| Data extract |
####################

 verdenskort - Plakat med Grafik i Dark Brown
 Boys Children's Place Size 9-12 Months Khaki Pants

####################

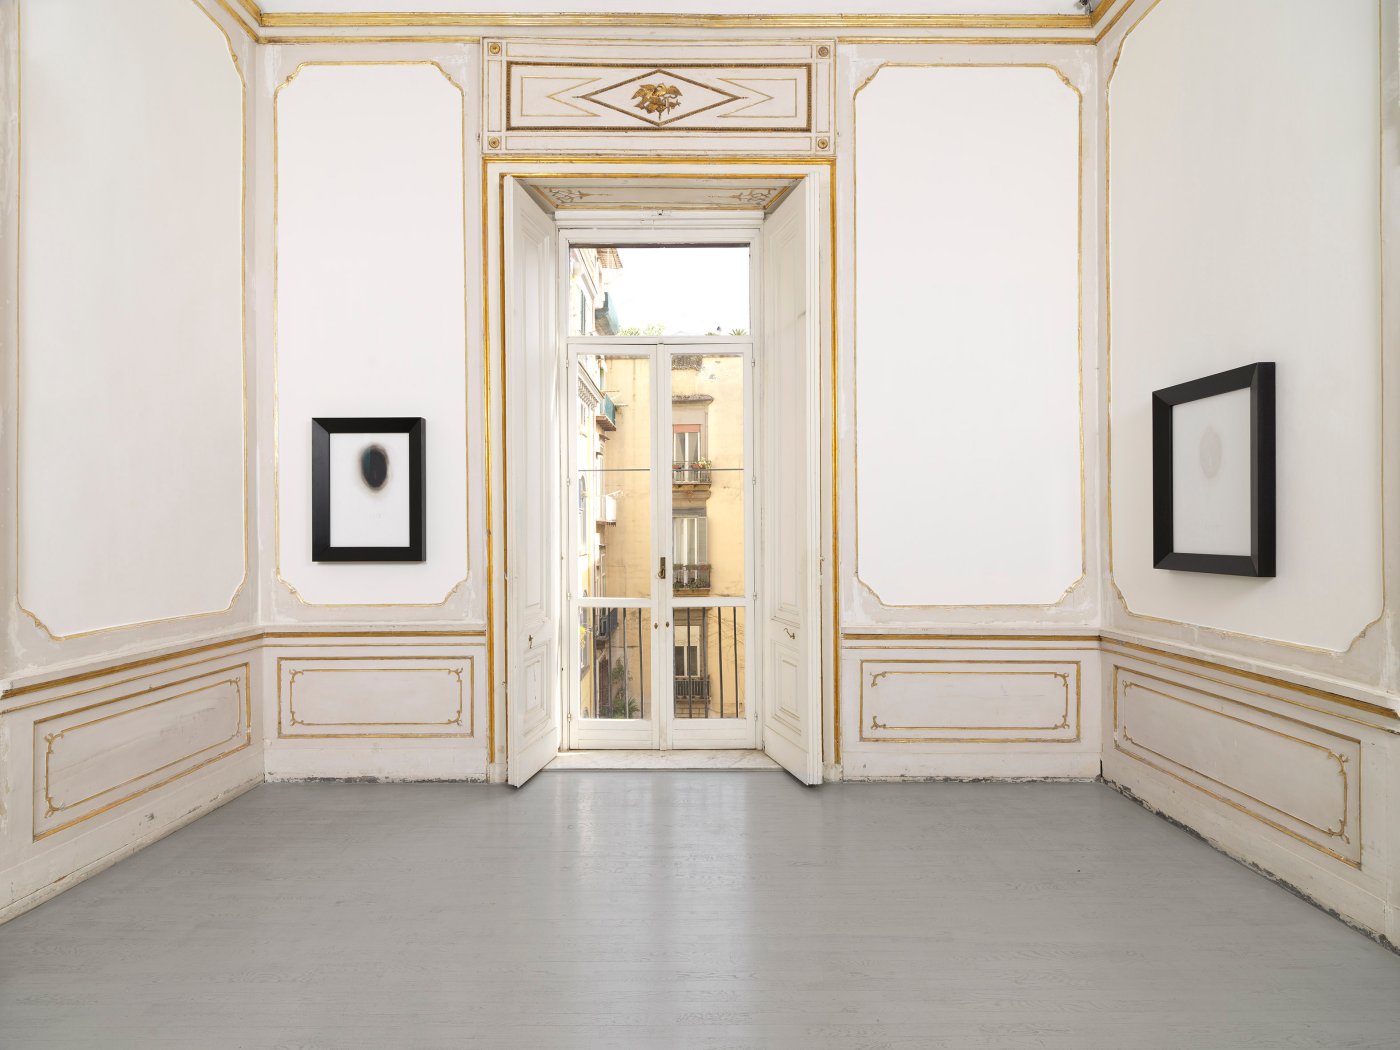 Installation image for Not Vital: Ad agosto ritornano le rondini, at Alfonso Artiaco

####################

| Aim of the task |
Your task for the entries above: copy exactly the span starting with the line with "verdenskort - Plakat med Grafik i Dark Brown" and going on through the line with "Boys Children's Place", both lines included, and nothing else.

| Solution for this task |
 verdenskort - Plakat med Grafik i Dark Brown
 Boys Children's Place Size 9-12 Months Khaki Pants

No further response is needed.